Algorithms including BP neural network, SVM support vector machine, CNN model and LSTM model can not meet the requirements of modern power system in terms of speed and accuracy, and under the challenge of multiple factors, the short plate of the traditional identification method is further highlighted, and the specific expression is: the voice print type of the transformer is mainly divided into a normal voice print signal and an abnormal voice print signal, wherein the normal voice print signal has the types of normal working voice, human voice, normal working voice, bird voice and the like, the normal working voice is the same as rain voice, the abnormal voice print signal has the types of breakdown, bias magnetic working condition, short-circuit impact, partial discharge and the like, and therefore the transformer can be seen to have excessive voice print types. However, the conventional recognition method mainly has the problems of low speed and low accuracy in recognition of the transformer voiceprint at present, on one hand, because the conventional recognition model usually corresponds to downsampling when features are extracted, the number of channels is greatly increased while the length and width dimensions of an image are reduced, and in many channels, a plurality of types of information are contained, and the correlation between some channels and the transformer voiceprint is high, some channels are low, and even some channels are almost not. Because of the channels with low correlation and no correlation with the transformer voiceprint, the accuracy of the recognition model for transformer voiceprint recognition is affected, and the recognition time is prolonged; on the other hand, the classification function part of the traditional recognition model usually takes pure samples as the premise that noise is not contained, but in practical application, the sample collection usually has difficulty in removing external noise, and the part of samples have negative influence on the training effect, so that the classification accuracy of the recognition model on the transformer voiceprints is reduced.
Disclosure of Invention
In order to solve the problems of low recognition speed and low recognition accuracy of the voiceprint of the transformer, the invention aims to provide a method for recognizing the voiceprint of the transformer based on a channel attention mechanism and AH-Softmax, which can rapidly and accurately recognize different types of voiceprint signals of the transformer.
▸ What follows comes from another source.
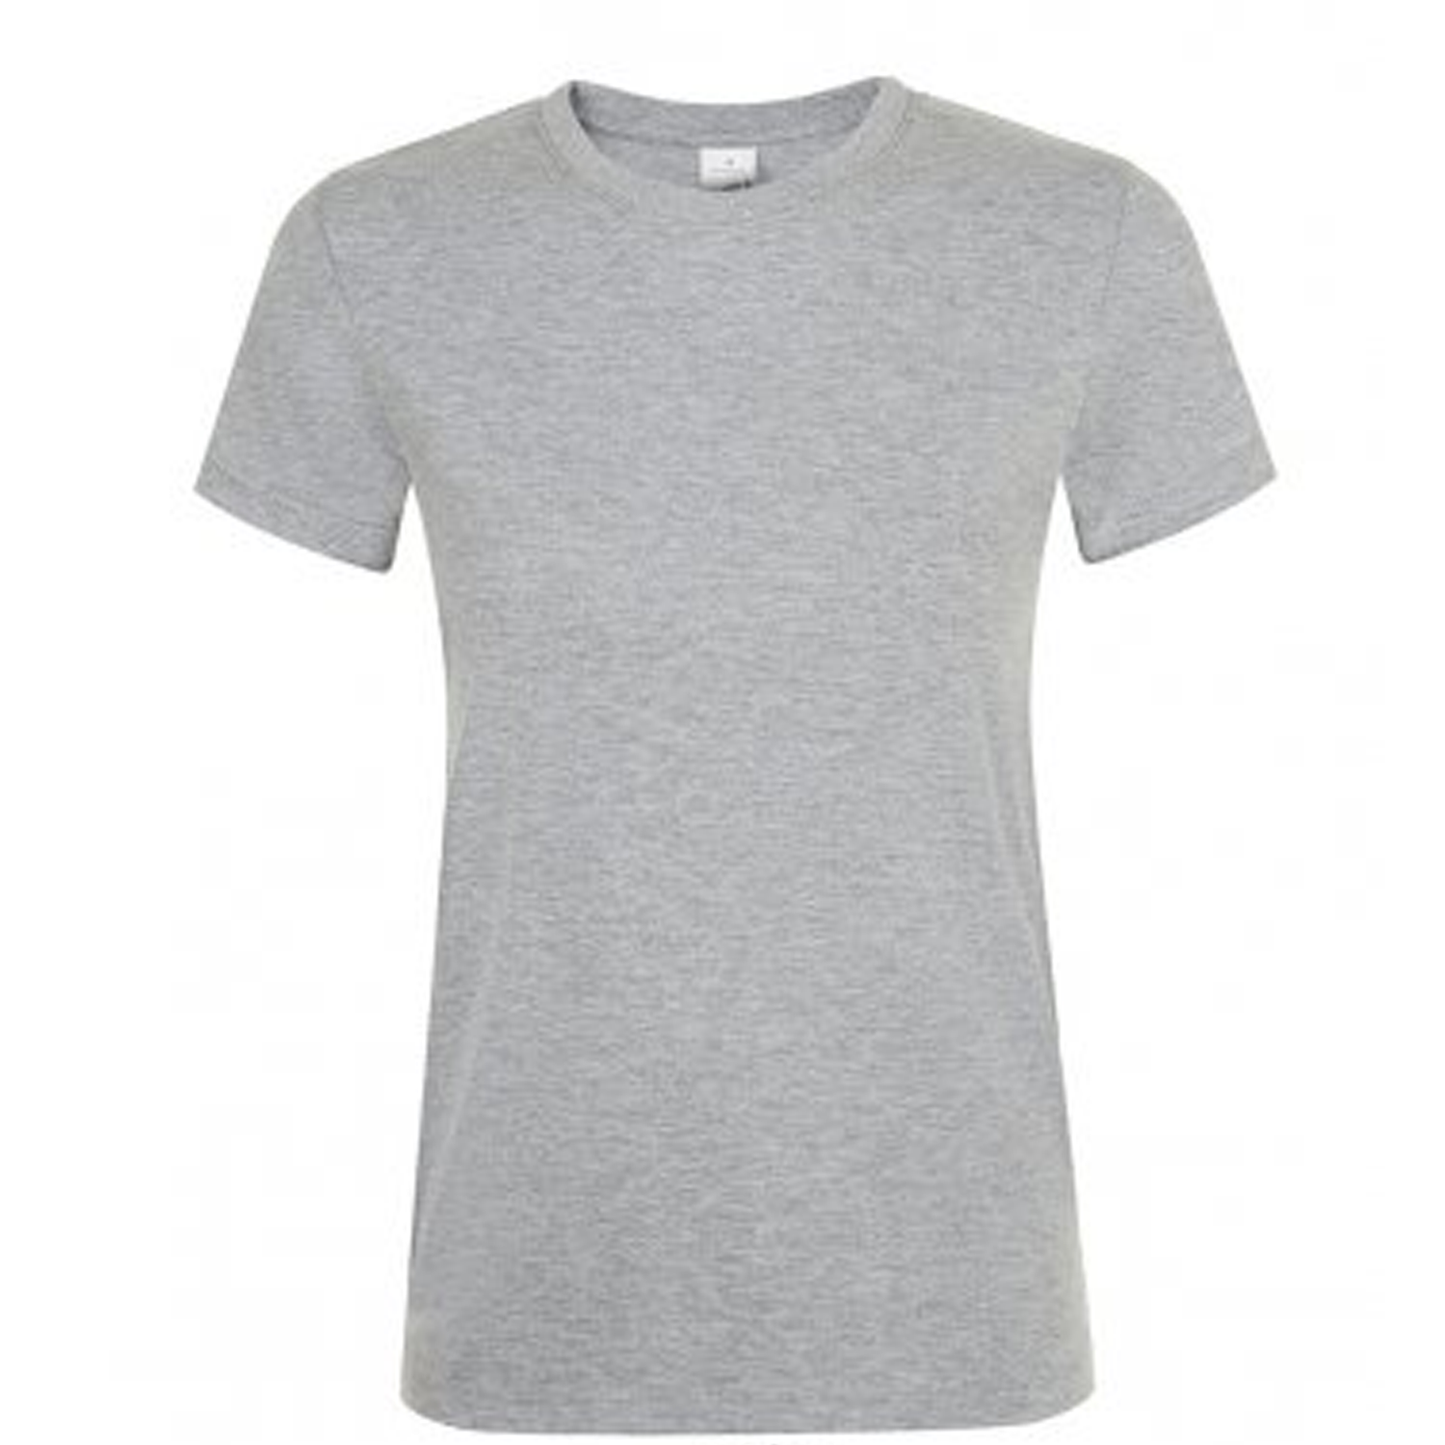 BOY MUM - Less Drama than girls but harder to keep alive grey t-shirt
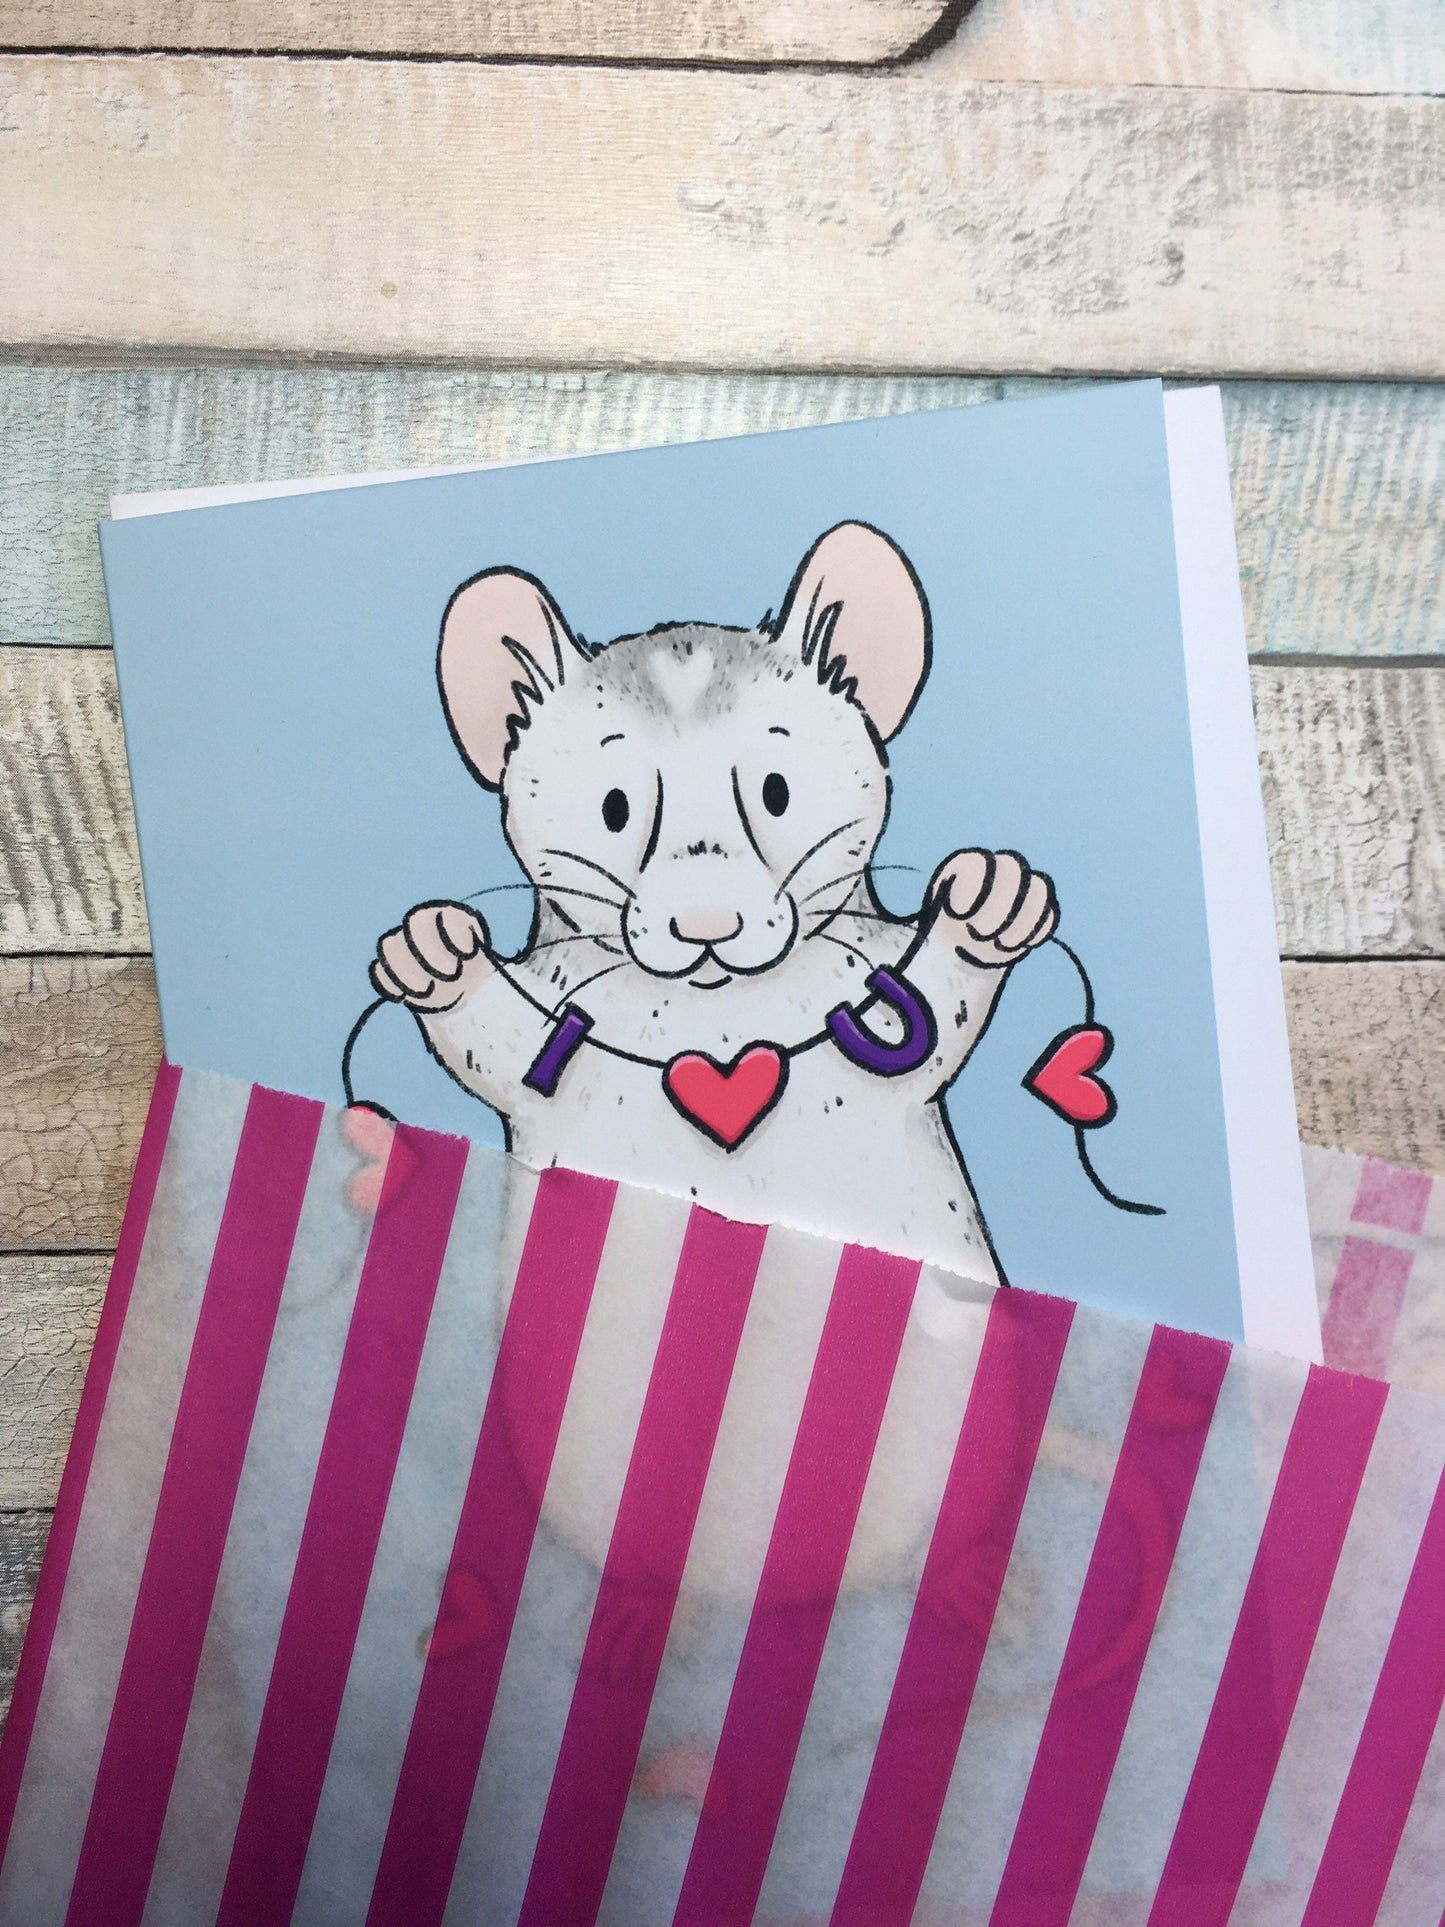 I Love You Rat A6 Greeting Card - Cute Roan Rat Blank Greeting Card - Ratty Love Card - Rat Valentine

In order to achieve the above purpose, the present invention adopts the following technical scheme: a transformer voiceprint recognition method based on a channel attention mechanism and AH-Softmax, the method comprising the sequential steps of:
(1) Utilizing r voiceprint acquisition sensors to acquire audio data of any power transformer in real time, wherein each acquired audio data corresponds to a file address; acquiring voiceprint data in a binary format of audio data and sampling frequency;
(2) Preprocessing voiceprint data in a binary format to obtain preprocessed voiceprint data omega (n), forming a data set, and dividing the data set into a training set and a verification set according to a proportion;
(3) Characteristic extraction is carried out on voiceprint data in the training set by utilizing a Mel Frequency Cepstrum Coefficient (MFCC) to obtain voiceprint characteristics and form a voiceprint characteristic training set;
(4) Improving the VGG19 model to obtain an improved VGG19 model;
(5) Training the improved VGG19 model by utilizing the voiceprint feature training set to obtain a trained VGG19 model, and verifying the trained VGG19 model through the verification set;
(6) And inputting the audio data of the power transformer to be identified into the trained VGG19 model, and identifying the voice print type of the power transformer.
The step (2) specifically comprises the following steps:
(2a) Denoising: removing a mute part and a noise part of voiceprint data in a binary format by using an endpoint detection method based on the audio amplitude to obtain a residual part;
(2b) Pre-emphasis: the loss of the rest part is compensated by utilizing a pre-emphasis method, the voice print data in the input binary format is set as S (n), and the audio after passing through the first-order FIR filter is set asThe formula is shown as formula (1):
in the formula (1), a is a constant, and 0.96 is taken;
(2c) Framing: dividing the audio into N sections of voice signals with fixed sizes by utilizing a framing method, wherein each section of voice signal is a frame, and the frame length frame takes 25ms; the frame division adopts an overlapping segmentation method, the overlapping part of the previous frame and the next frame is frame shift, and the ratio m of the frame shift to the frame length is 0.5; framing a speech signal of length N as shown in equation (2):
the data is divided into n frames, each frame f n The position of (2) is [ m ] frame (n-1), m ] frame (n-1) +frame]If the last frame is at the end (frame + (n-1) +frame)>N, filling the excess part with 0;
(2d) Windowing: each frame is brought into a window function, the window function selects a Hamming window, and the expression of the Hamming window is shown in a formula (3):
wherein R is M (n) is voiceprint data of the nth frame, and ω (n) is voiceprint data after preprocessing.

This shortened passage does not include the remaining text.